In a 3-2 ruling by the five-member National Labor Relations Board, employers must now continue to deduct union dues – otherwise known as dues checkoff – from workers’ paychecks even after collective bargaining agreements containing such provisions expire. Valley Hospital Medical Center, Inc., N.L.R.B., Case 28-CA-213783 (Sept. 30, 2022). This ruling represents a return to the standard of the Board under President Obama after just three years during which dues checkoff could be discontinued in the event of contract expiration.
The Board relied on precedent that states that employers and unions must maintain the “status quo” when a CBA expires, and found that there has been no cogent explanation by the Board or courts as to why that did not apply to dues checkoff. The Board stated that its decision “definitively resolves this issue by confirming that it is a violation of the Act to unilaterally stop dues checkoff when a contract expires.”
The decision is clearly favorable to unions as they have become increasingly concerned with their ability to continue dues collection once a contract expires, a vital conduit for union revenue. This decision likewise ends the availability of this economic weapon for employers in the face of labor strife.

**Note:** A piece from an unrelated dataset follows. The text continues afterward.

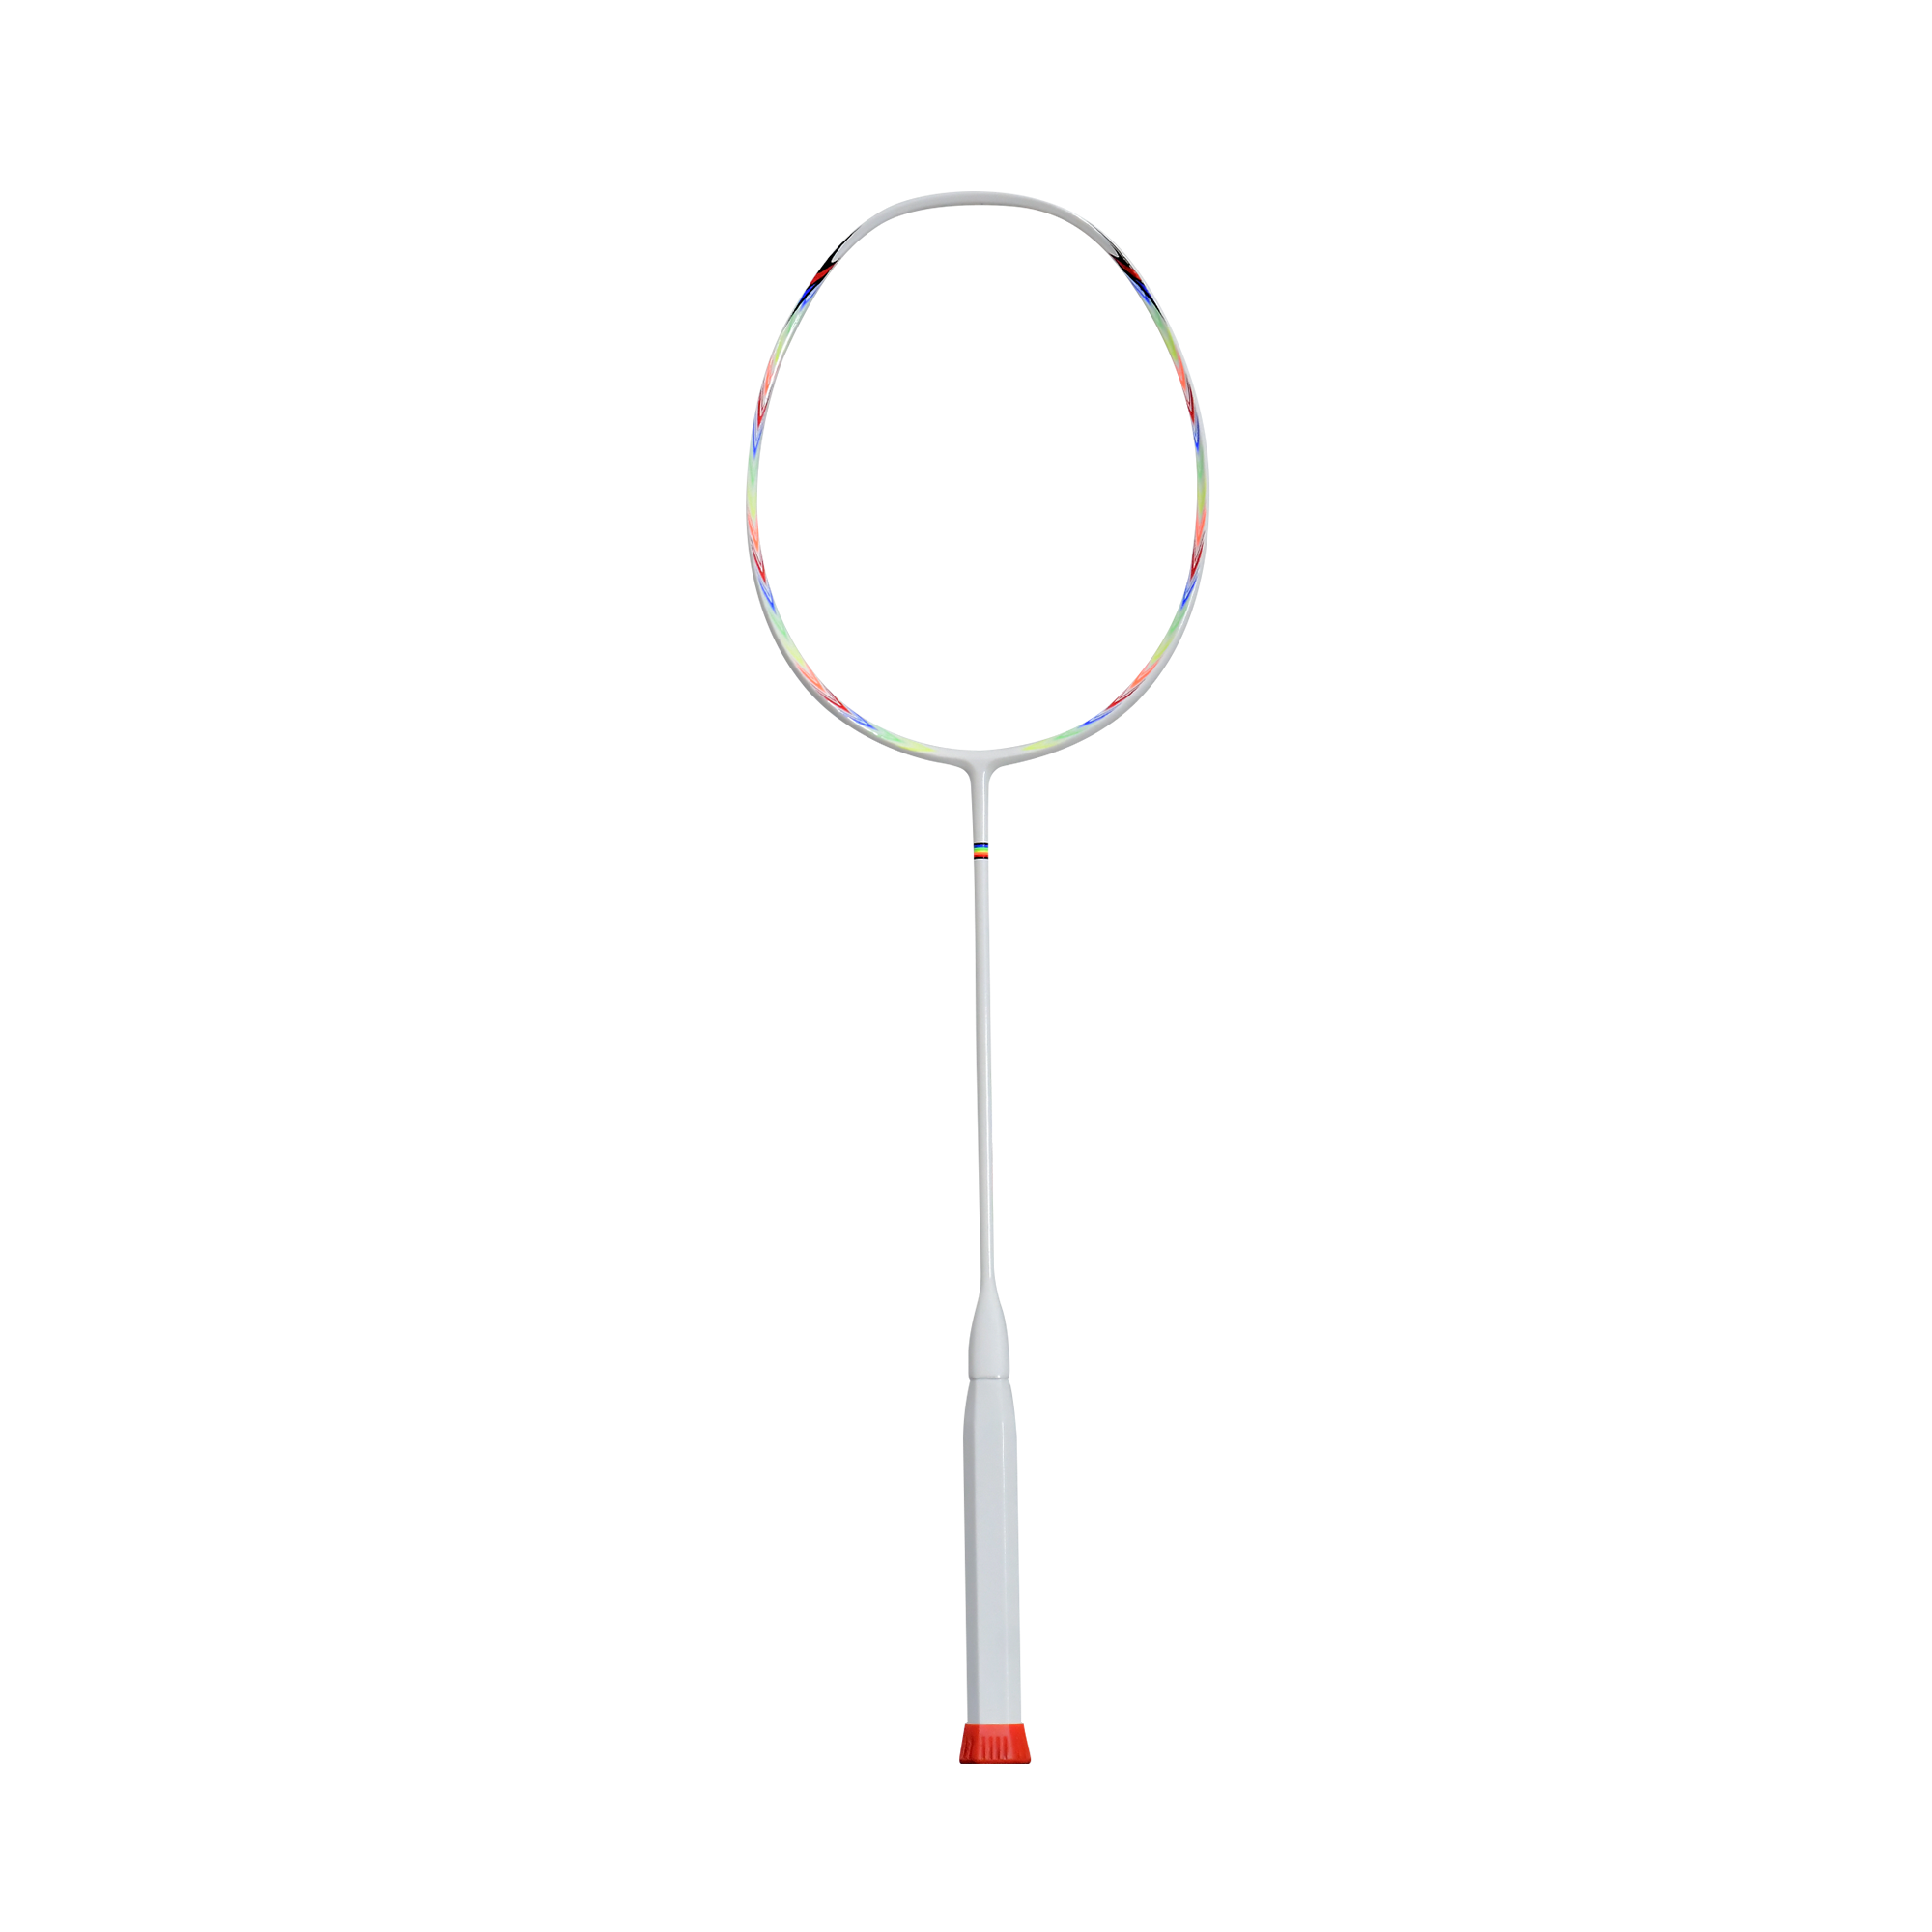 ไม้แบดมินตันน้ำหนักเบา 6 u badminton ไม้แบดราคาถูก ยี่ห้อ Klint สีขาวมีสีเอ็นให้เลือกตามสไตล์

Employers must now maintain dues checkoff along with wages, benefits, and other terms and conditions of workers’ employment upon the expiration of a collective bargaining agreement. This was an objective of Board General Counsel Jennifer Abruzzo once her nomination was approved by Congress.
Lindner & Marsack, S.C. represents employers in all areas of labor and employment law. If you have any questions about the recent ruling by the National Labor Relations Board or any other labor or employment issue involving your business, please contact us at any time.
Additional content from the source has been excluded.